RECORDS SHOWN.
[Start of section]
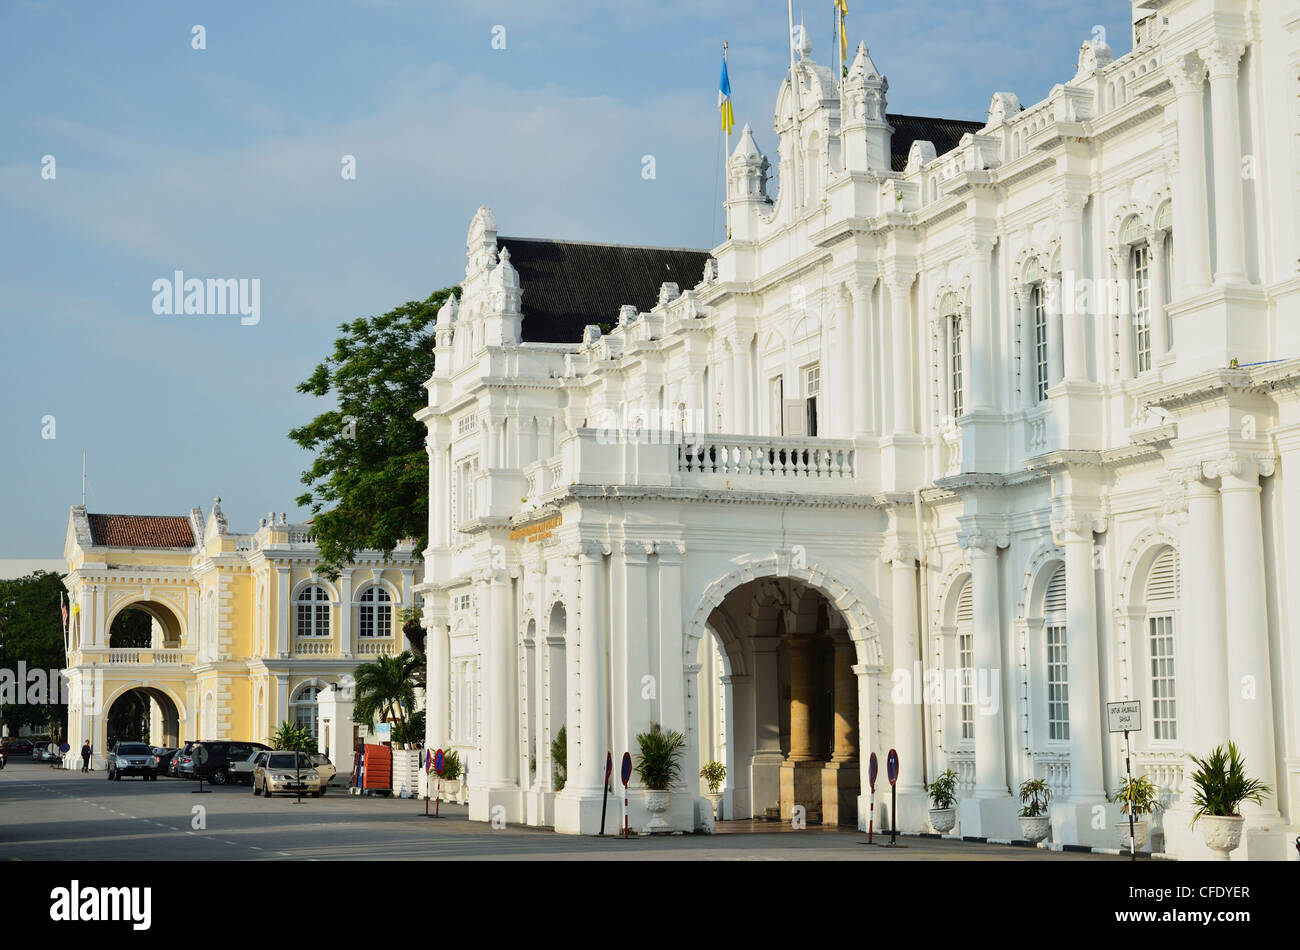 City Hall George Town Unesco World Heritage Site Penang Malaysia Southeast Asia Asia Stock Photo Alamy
[End of section]
[Start of section]
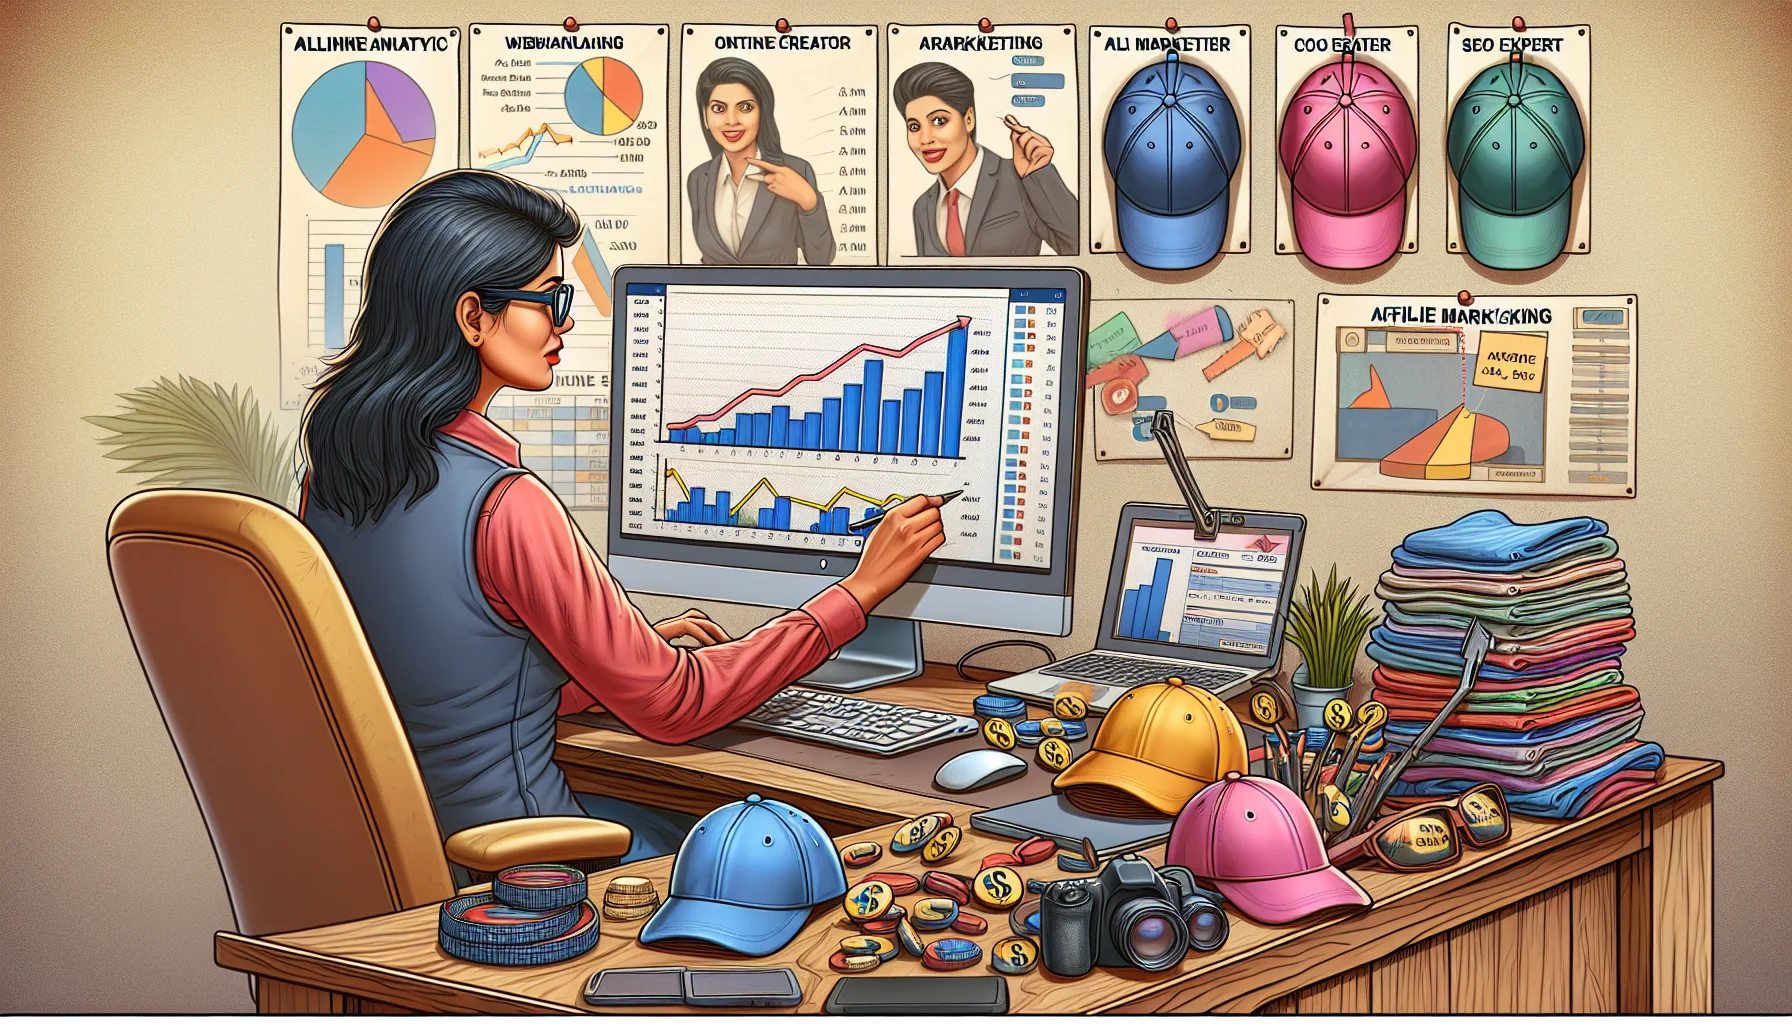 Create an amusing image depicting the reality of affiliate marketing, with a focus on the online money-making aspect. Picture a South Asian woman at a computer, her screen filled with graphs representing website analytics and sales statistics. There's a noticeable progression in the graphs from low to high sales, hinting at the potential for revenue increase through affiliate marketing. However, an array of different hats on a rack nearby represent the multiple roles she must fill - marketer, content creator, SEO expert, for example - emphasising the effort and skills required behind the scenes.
[End of section]
[Start of section]
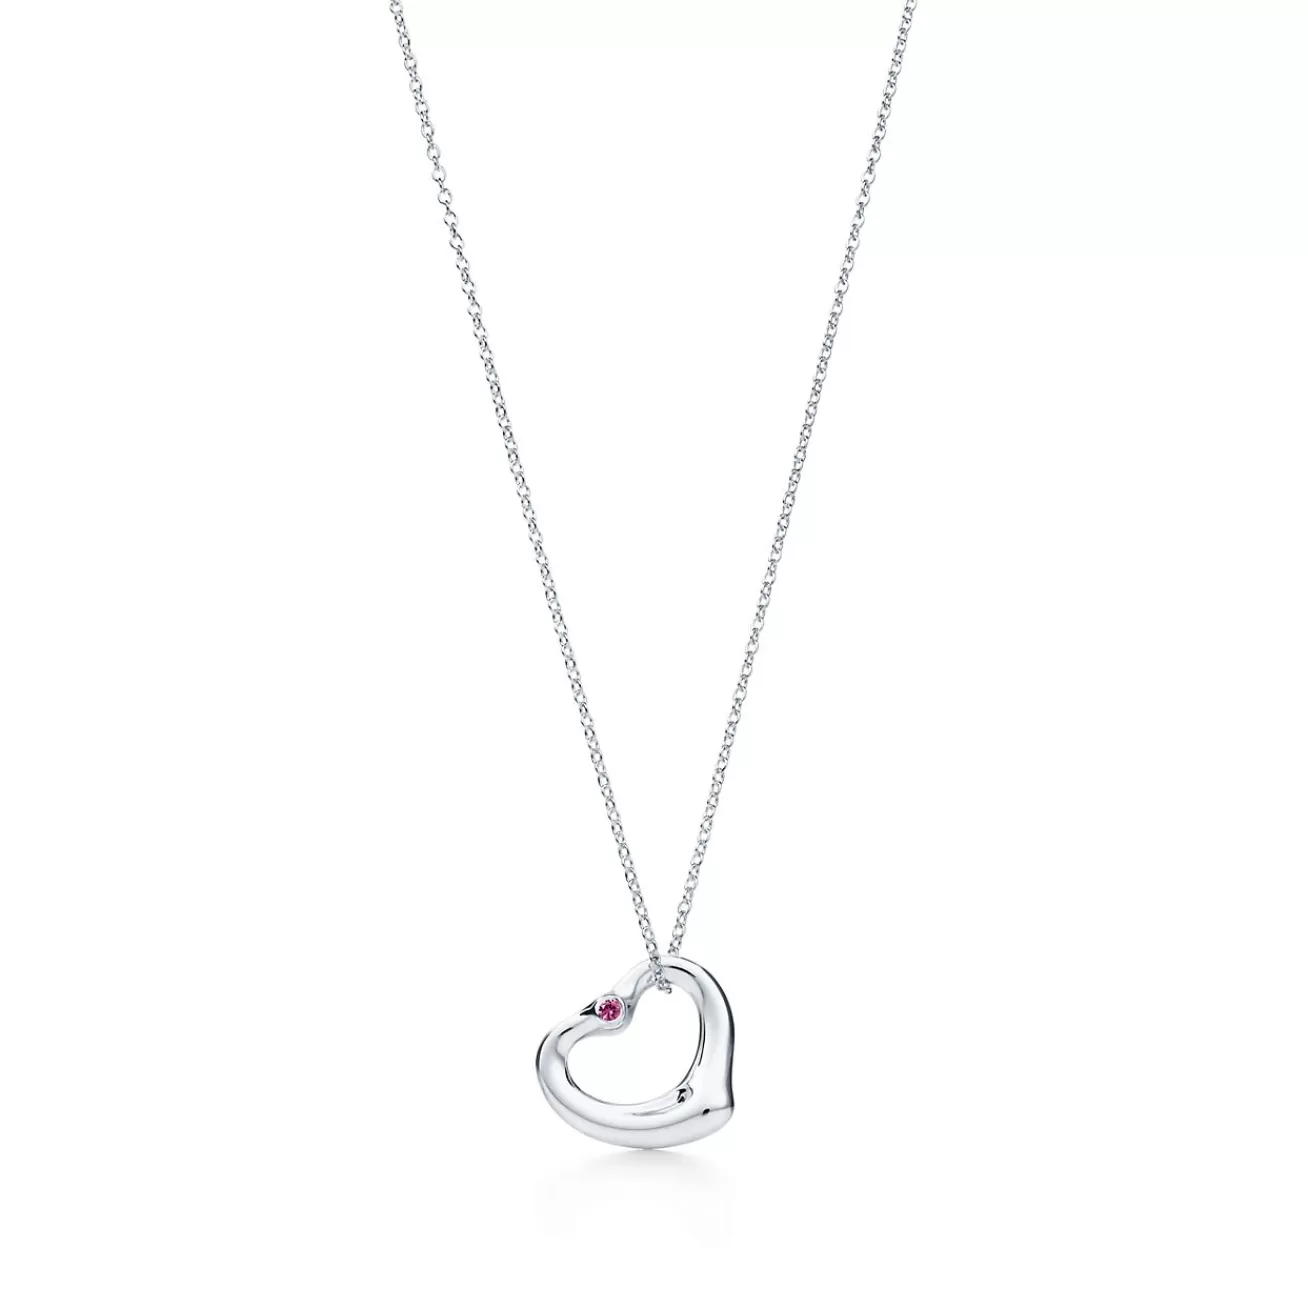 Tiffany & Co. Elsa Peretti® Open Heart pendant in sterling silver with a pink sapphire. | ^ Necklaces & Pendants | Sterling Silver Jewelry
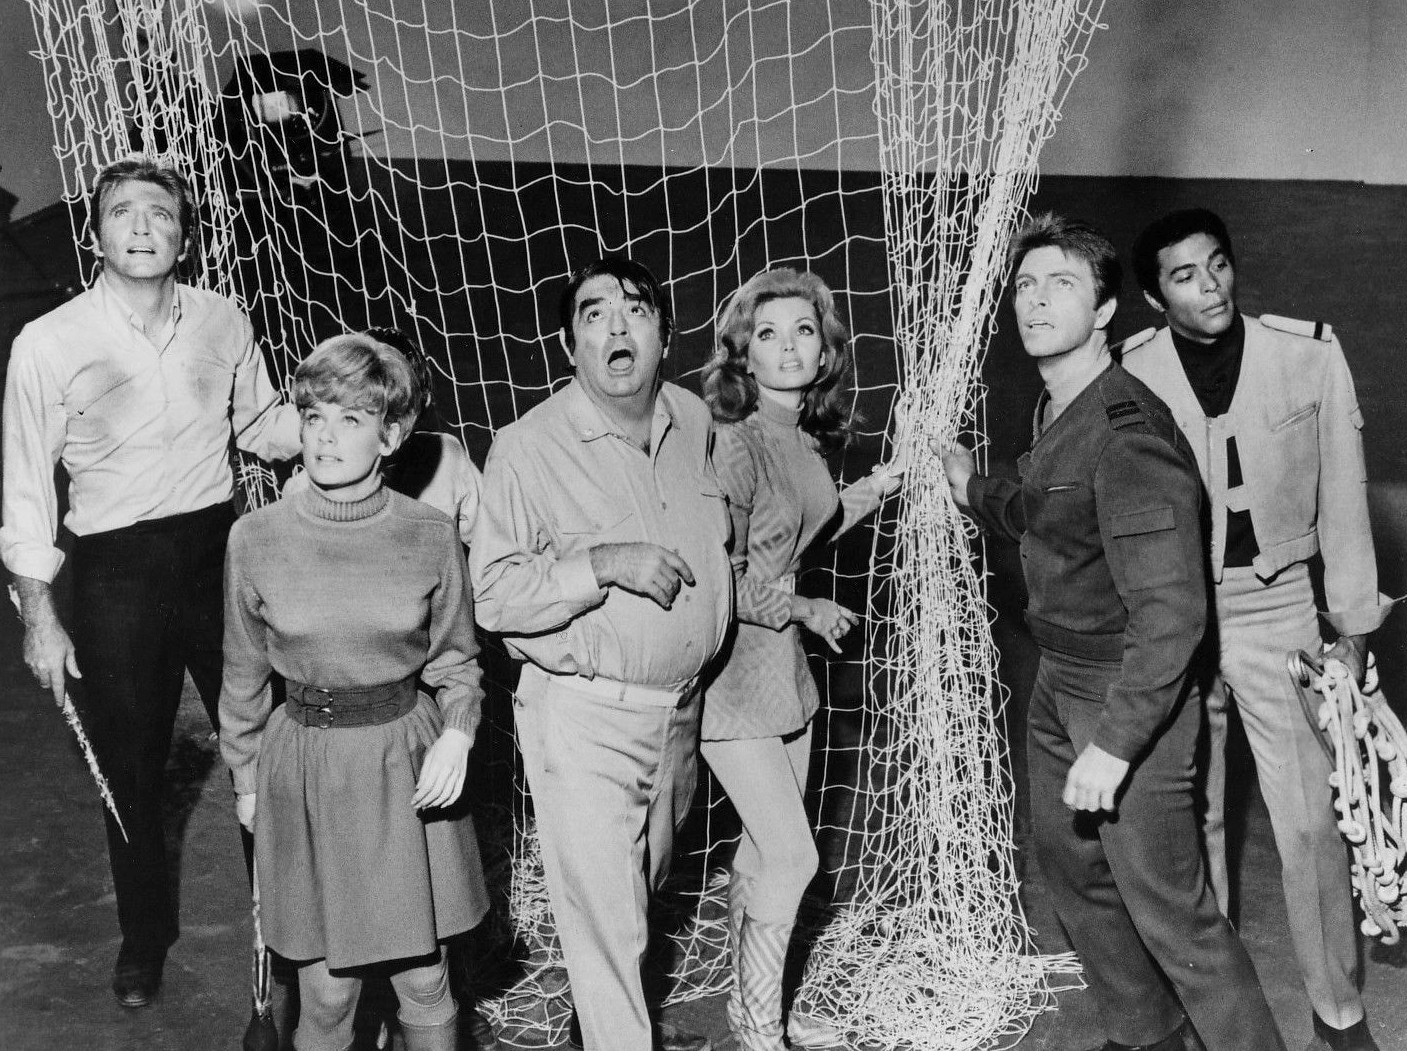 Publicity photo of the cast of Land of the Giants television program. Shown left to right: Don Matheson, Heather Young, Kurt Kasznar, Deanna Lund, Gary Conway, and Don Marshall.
[End of section]
EXERCISE DIRECTIONS. Every line above between the one containing "Tiffany & Co." and the one containing "Publicity photo of", those two included, is to be printed exactly. No pictures go into the copy.

EXERCISE SOLUTION.
 Tiffany & Co. Elsa Peretti® Open Heart pendant in sterling silver with a pink sapphire. | ^ Necklaces & Pendants | Sterling Silver Jewelry
 Publicity photo of the cast of Land of the Giants television program. Shown left to right: Don Matheson, Heather Young, Kurt Kasznar, Deanna Lund, Gary Conway, and Don Marshall.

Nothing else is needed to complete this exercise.